◆ **Exercise details**:
Quote each line of the material verbatim, without the pictures.

BEGIN Stored data

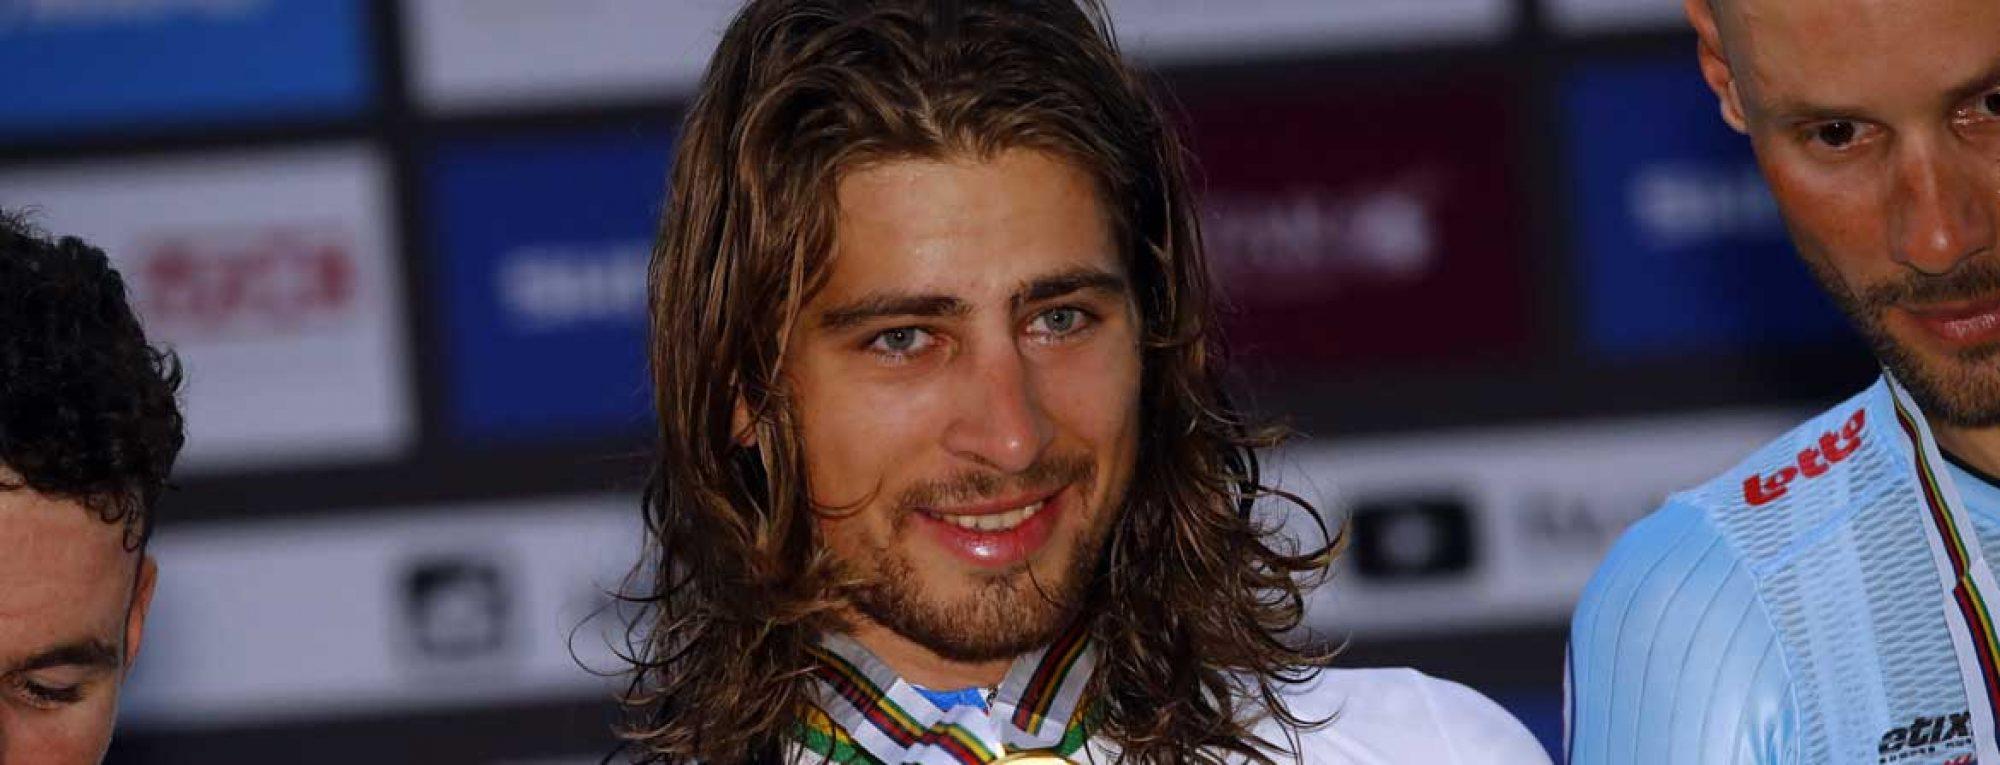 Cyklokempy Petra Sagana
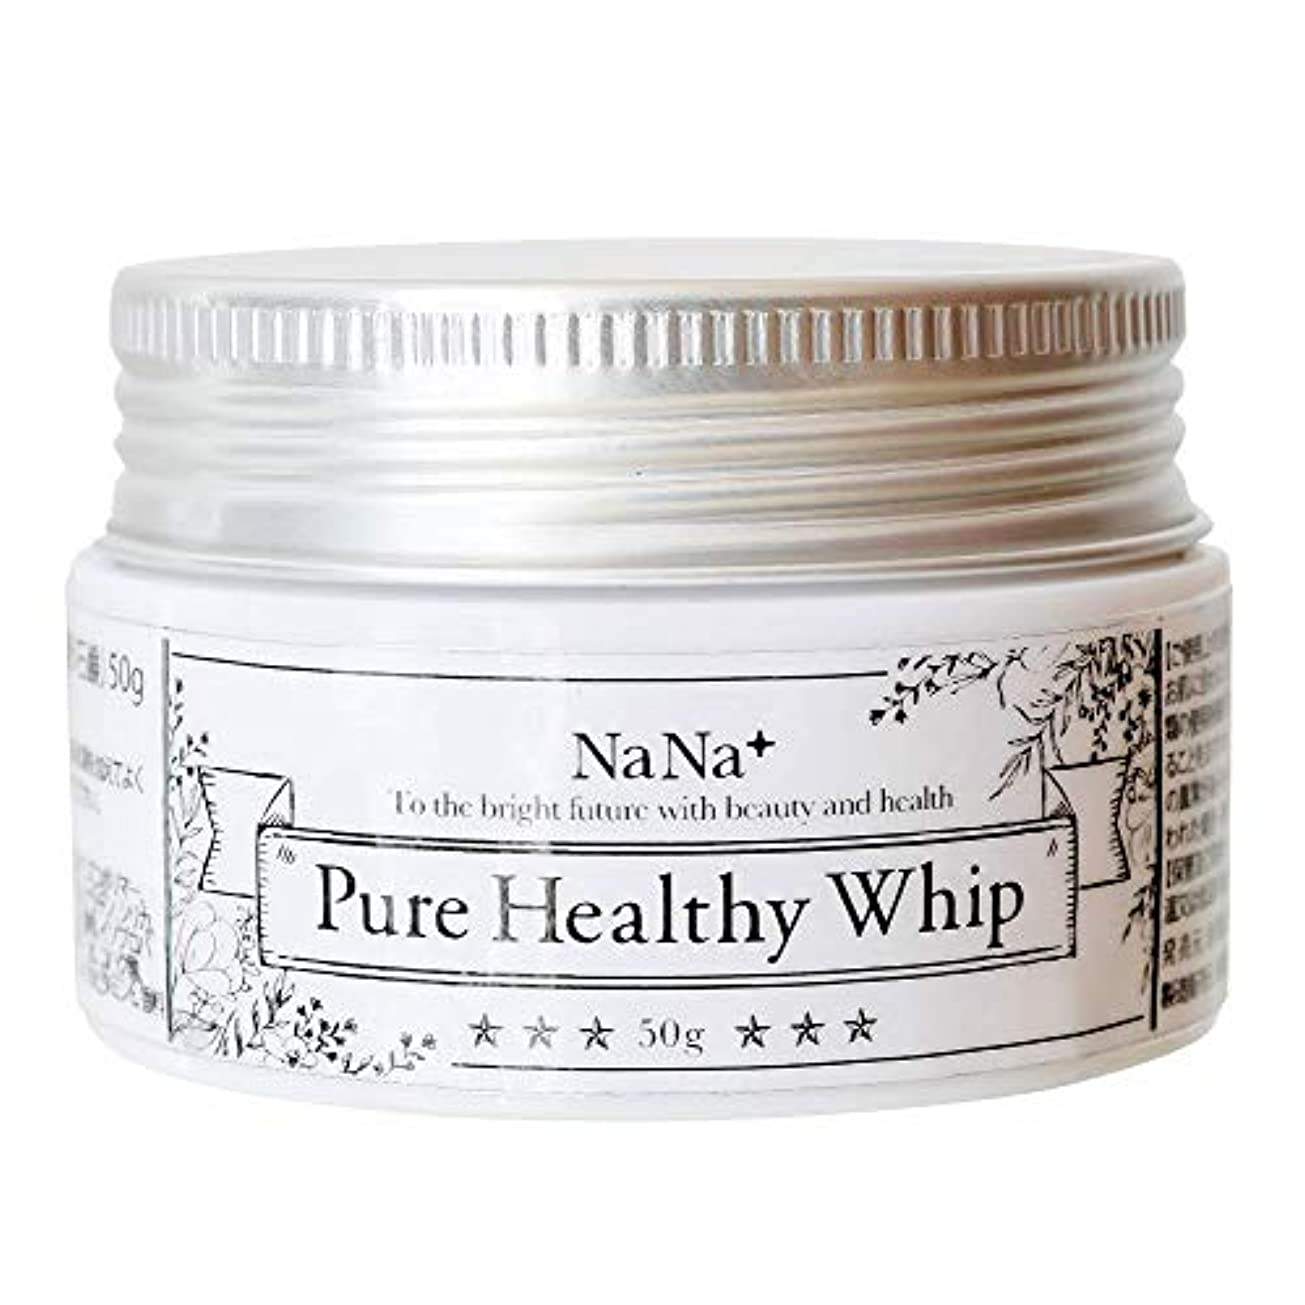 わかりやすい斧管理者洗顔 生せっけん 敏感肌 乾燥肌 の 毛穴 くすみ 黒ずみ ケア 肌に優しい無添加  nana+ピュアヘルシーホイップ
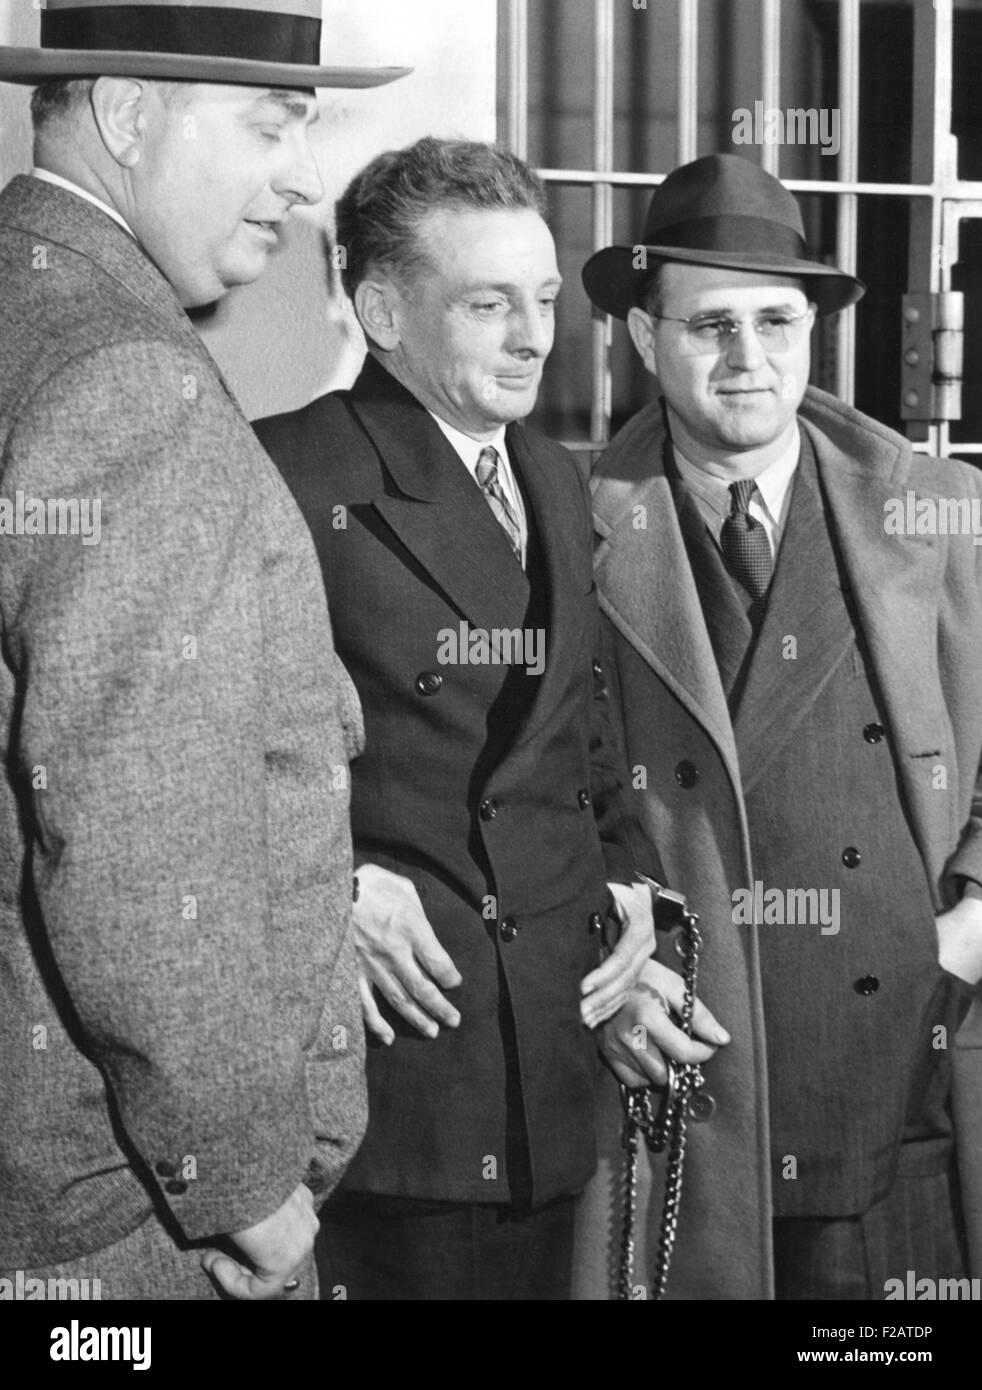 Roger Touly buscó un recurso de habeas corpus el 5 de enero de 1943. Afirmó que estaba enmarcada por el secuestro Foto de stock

END Stored data

◆ **Exercise output**:
 Cyklokempy Petra Sagana
 わかりやすい斧管理者洗顔 生せっけん 敏感肌 乾燥肌 の 毛穴 くすみ 黒ずみ ケア 肌に優しい無添加  nana+ピュアヘルシーホイップ
 Roger Touly buscó un recurso de habeas corpus el 5 de enero de 1943. Afirmó que estaba enmarcada por el secuestro Foto de stock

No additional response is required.